While thoroughly expanding awareness among general consumers, Sanpo Shoji expanded its sales offices to major cities across the country and vigorously expanded sales activities in the region. Eventually, razors entered the ``dual-blade'' era, and Gillette attempted to make a comeback in the Japanese market with the ``GII'' double-blade cartridge. However, the manufacturer (Warner-Lambert Company) made a wise decision to ship the SII product by air, and although it was delayed in press releases, it made a strong impression on consumers by taking the lead in selling it nationwide in stores. He succeeds and wins the two-blade duel.

"Gillette has better capital and product development capabilities. We also have patents, so we are a technologically leading company. However, we are truly a manufacturer (Warner Lambert), import agent (Hattori Seiko), and distributor. The agency (Sanpo Shoji) was connected by a strong three-way network.'' Peter Oliver, Eversharp Chic's Far East Manager, who owned the Chic at the time imports began, said, ``We were unable to sell the Chic in Japan. "We will leave it to the Japanese," and this remained the same even after Eversharp Chic merged with Warner-Lambert.

Kinzo Takeuchi had similar beliefs. ``I have great respect for my father, who thoroughly put into practice the idea that the Japanese market is run by the Japanese people.And there is no doubt that this was a factor in our success.'' The three companies held regular meetings and took measures with an overwhelming sense of ownership in spreading the word "Schick" products.

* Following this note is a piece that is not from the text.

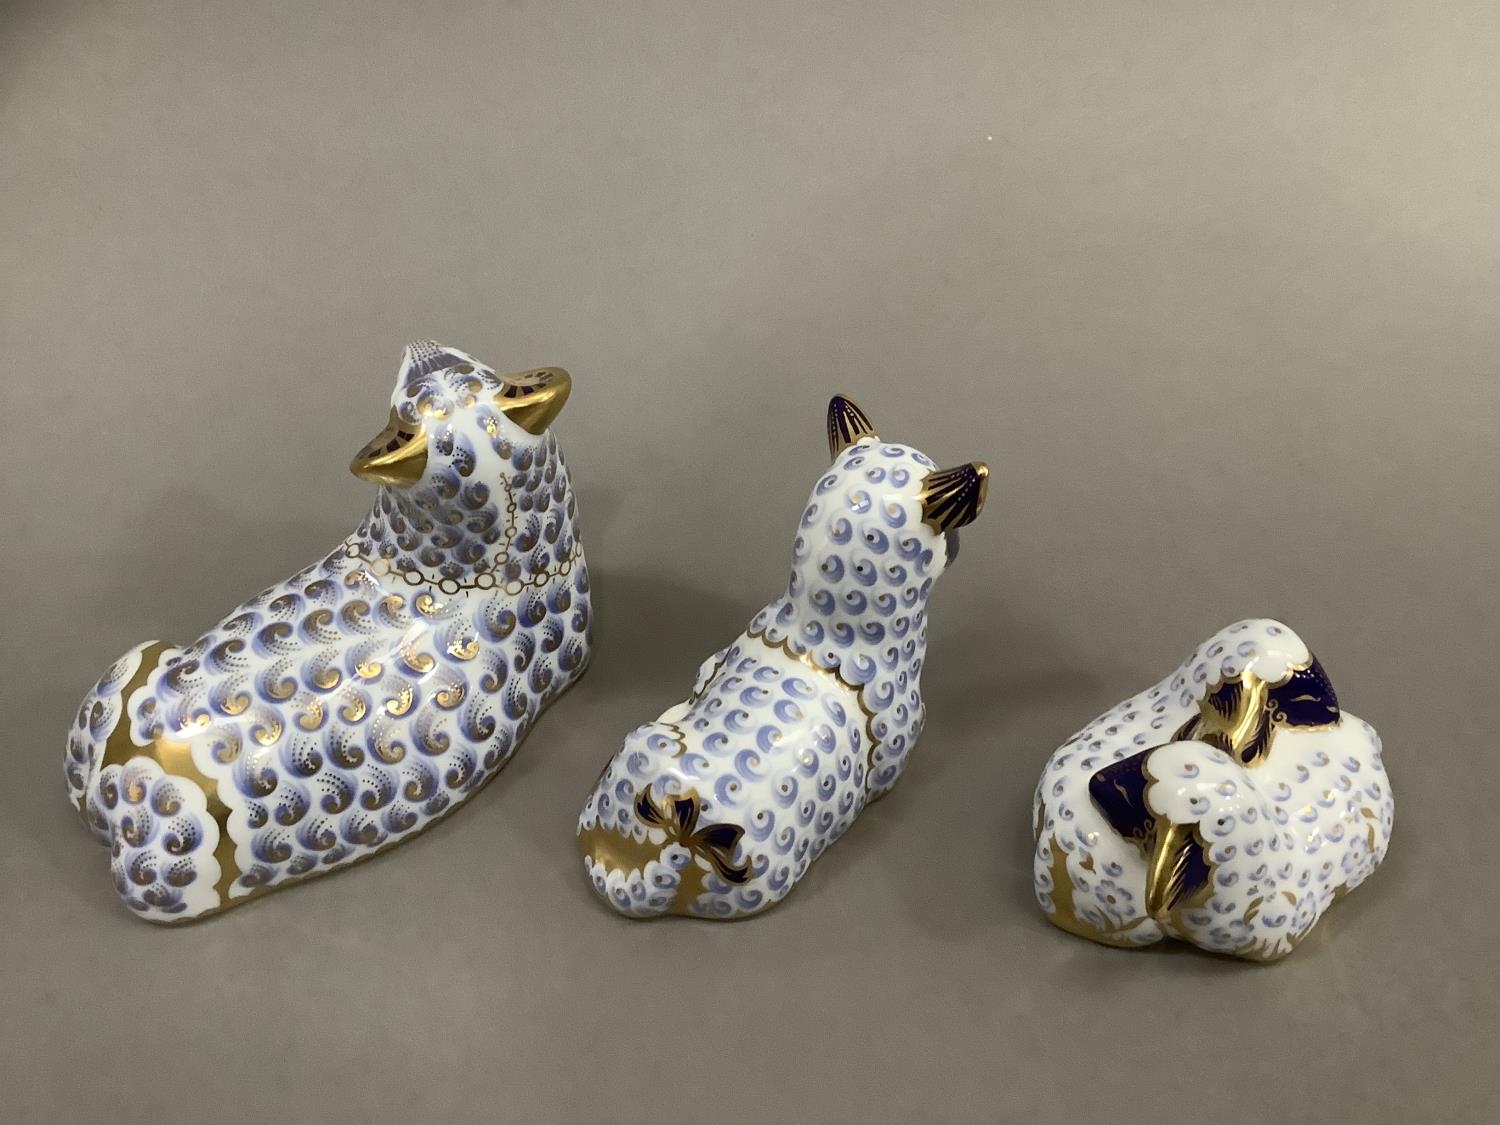 A Royal Crown Derby ram, ewe and two lambs, silver buttons (3) 7.5cm, 6.5cm and 4 cm high - Image 4 of 5

Even today, when companies aim to enter the world market, they are forced to choose between being ``global'' and ``local.'' More than 50 years ago, ``Gillette'' tried to integrate the Japanese razor market into a global strategy, and ``Schick'' tried to respect and adapt to the Japanese razor market. Riding on the momentum of the period of high economic growth, a major reason for the success of ``Chic'' was the alignment of direction and sense of unity with Sanpo Shoji, which had a strong passion to make ``Chic'' the best in Japan with their own hands. You can say that.